ScaleSC allows users to manually define a threshold $t_G$, which ranges between 0 and 1 with a default value of 1, as a more stringent merging criterion is encouraged. To evaluate the algorithm’s performance, we test it on the same MS dataset with seven cell types. This dataset has already been pre-clustered into 18 clusters using Seurat. These clusters and the identified markers in the previous section are subsequently used as inputs for ScaleSC to perform cluster merging. We evaluate the performance using two threshold values: 1.0 and 0.8.

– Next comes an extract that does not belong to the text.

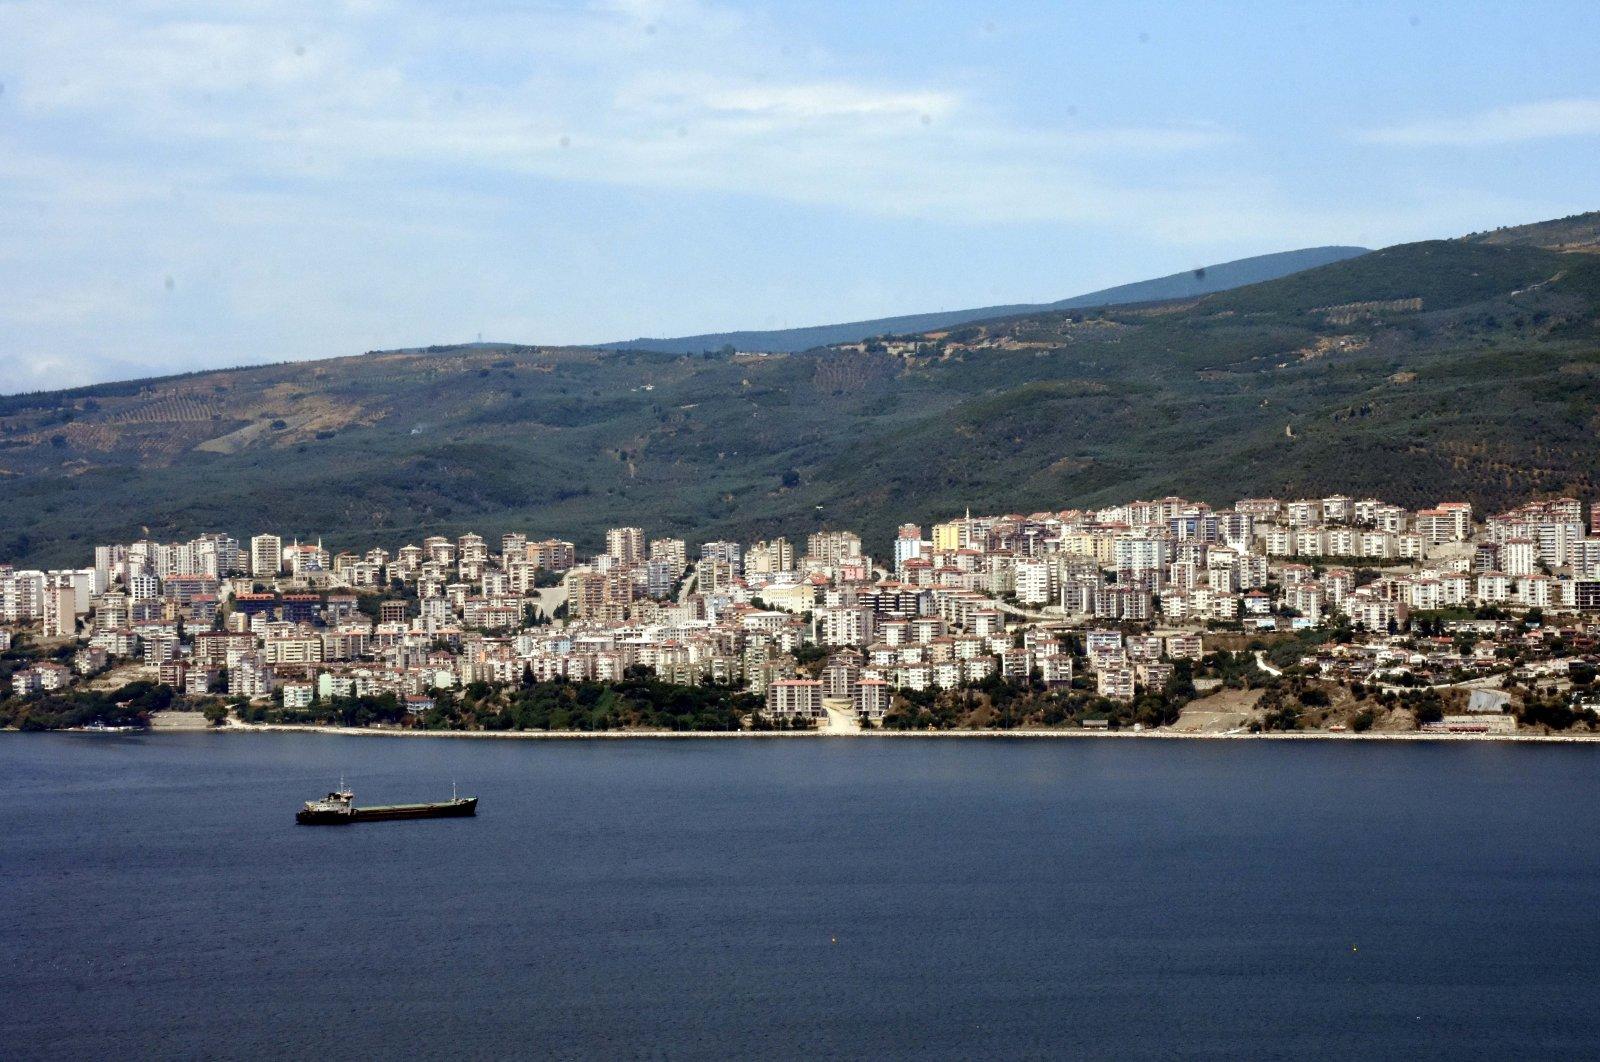 Residential buildings are seen on the coast of Gemlik in northwestern Bursa province, Turkey, June 29, 2018. (AA Photo)

As shown in Fig. 4, a threshold of $t_G=1$ already demonstrates relatively strong merging performance. For instance, Seurat clusters 0, 1, 2, and 3 are merged into a larger cluster corresponding to the Oligodendrocytes cell type, while cluster 6 remains unmerged. When the threshold is lowered to $t_G=0.8$, Seurat cluster 6 is further merged and then labeled as Oligodendrocytes. Another example using the 1.3 million mouse brain dataset with varying thresholds is provided as Fig. 1, available as supplementary data at Bioinformatics Advances online, and the process can be completed within 4 min for both marker finding and cluster merging.

Figure 4.

UMAP visualization of the performance of the cluster-merging algorithm with various $t_G$. upper left: real seven cell types; upper right: Seurat clusters, 18 clusters; lower left: $t_G$ is 1.0, 15 clusters; lower right: $t_G$ is 0.8, 11 clusters. Time: 40.2 s.

4 Conclusion

The growing scale of single-cell RNA-seq data presents significant challenges in terms of processing speed and memory capacity. In this work, we introduced ScaleSC, a GPU-accelerated solution designed specifically to address these challenges for users with limited computing resources, such as those with a single GPU or without deep familiarity with GPU ecosystems. By building upon the powerful foundations of CuPy, Scanpy, and Rapids-singlecell, ScaleSC delivers over a 20× speedup in processing, overcoming memory bottlenecks and enabling the analysis of datasets with 10–20 million cells and over 1000 batches on a single A100 GPU. In addition to improving scalability, ScaleSC ensures consistent results by resolving discrepancies between GPU and CPU algorithm implementations. The package also includes GPU-optimized tools for advanced tasks like marker gene identification and cluster merging, providing more efficient and better solutions for marker identification and clusters refinement. Designed for ease of use, ScaleSC integrates seamlessly into existing Scanpy and Rapids-singlecell workflows, requiring minimal adaptation from users. With its substantial improvements in speed, scalability, and accessibility, ScaleSC offers significant benefits to the single-cell RNA-seq community, particularly for those with limited computational resources, providing an accessible and high-performance tool for large-scale data analysis.

Author contributions

W.H. and H.Z. Conceptualization, Methodology. H.Z. Implementation. H.Z., Y.C., and Y.M. Conduct experiments. W.H., H.Z., Y.H.S., S.C., J.G., Z.O., Y.M. and B.Z. Writing & Review. All authors reviewed and approved the final manuscript.

Supplementary data

Supplementary data are available at Bioinformatics Advances online.

Conflict of interest

No competing interest is declared.

Funding

None declared.

Data availability

The datasets used for benchmarking runtime are as follows: The 70k human lung dataset is available at Synapse (https://www.synapse.org/Synapse: syn21041850/wiki/600865). The 1.3M mouse brain dataset is provided by NVIDIA and is available at https://github.com/NVIDIA-Genomics-Research/rapids-single-cell-examples/blob/master/notebooks/1M_brain_cpu_analysis.ipynb, or downloaded from the 10× Genomics platform. The 13M simulated dataset is available upon request, as its size exceeds typical storage limits. The single-cell transcriptomic data used for benchmarking marker gene identification and clustering are publicly available in the Gene Expression Omnibus (GEO) under accession number GSE180759.